It has been life without a workbench

Until this day I swear.

I wrote the dimensions of the workbench

Based on the video I saw on youtube

As the fellow who made that workbench

Was too busy making other things to make plans

For the workbench he made to make other things

Making a workbench is perhaps a rite of passage

Making a workbench is perhaps a test of will

Of measurement and investment

The weight of a 2 by 4 will always shock you

It’s a little bit lighter, a little bit heavier

Than you’d ever expect

Wield it in the way a child

Would carry an imagined broadsword

O’er his imagined kingdom destined to burn

Fighting against the future, against wizard and dragon

Fighting against the warp and cup and bow and twist

Of the 2 by 4s I will into a bench

I wrote the plans down on an envelope we received recently -

Asking for donations for ambulance drivers

This made me so mad, because why in the world,

What is a world, that an ambulance driver needs to ask for donations

I thought to myself, this must be a scam.
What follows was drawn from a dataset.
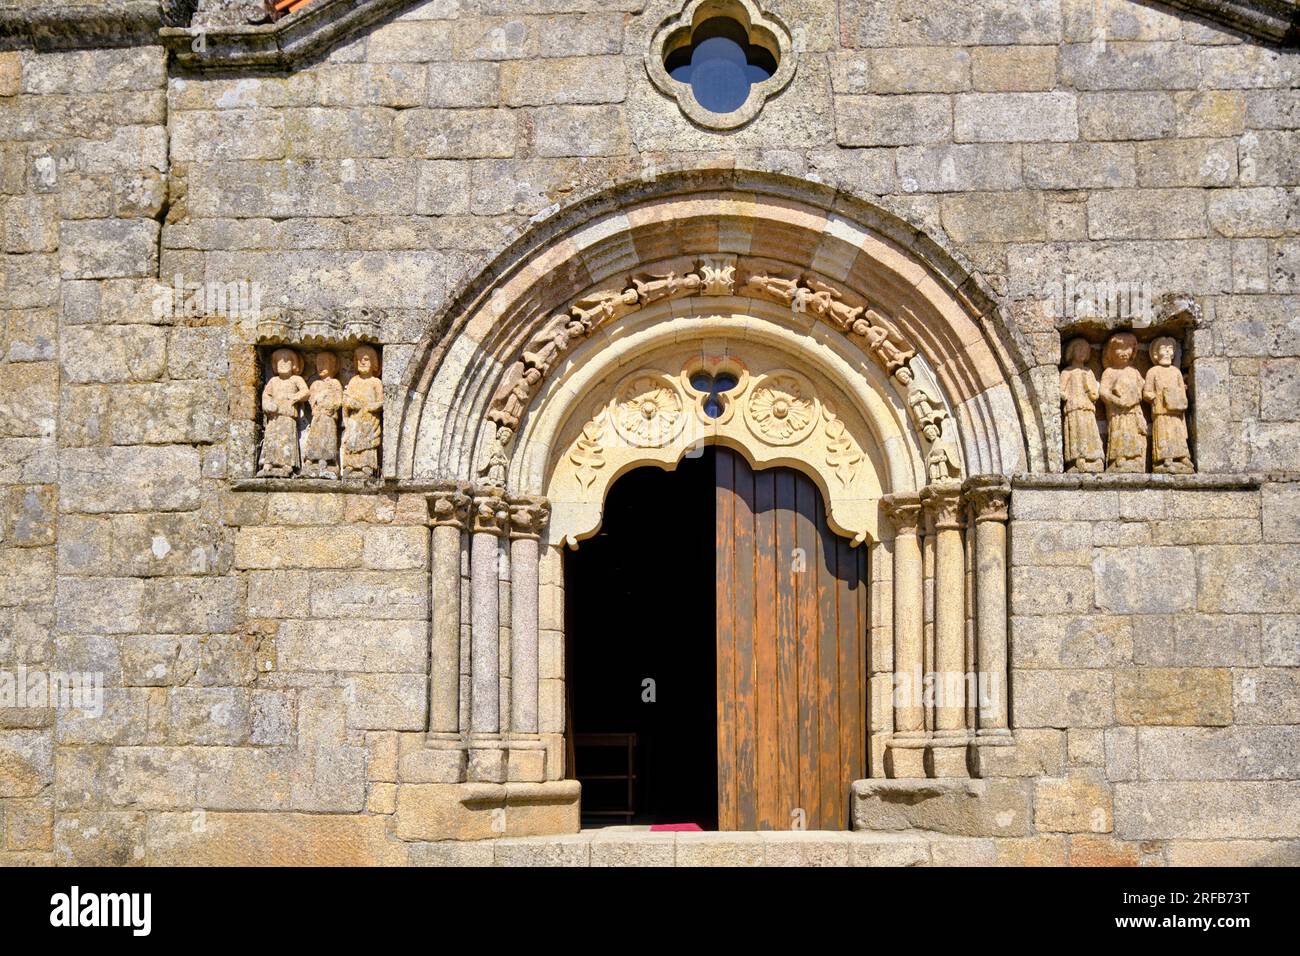 Portail de l'église romane Motherchurch, 12e siècle. Sernancelhe, Beira Alta. Portugal Banque D'Images

I know I say this out of fear,

But trusting fear a fool does indeed. I’m having an IQ test in my psychiatric examination.

The incident where I said without research, this envelope asking for donations

For emergency personnel specifically ambulance drivers, must be a scam.

I will make sure to mention this and bring the mail in question.

So they can adjust my IQ score accordingly. It will also list all

Of my shoddy measurements, my haphazard drawings,

My shaken lines and scratched numbers.

Doctor green will take these into account.

And ascribe me a diagnosis.

Big dummy.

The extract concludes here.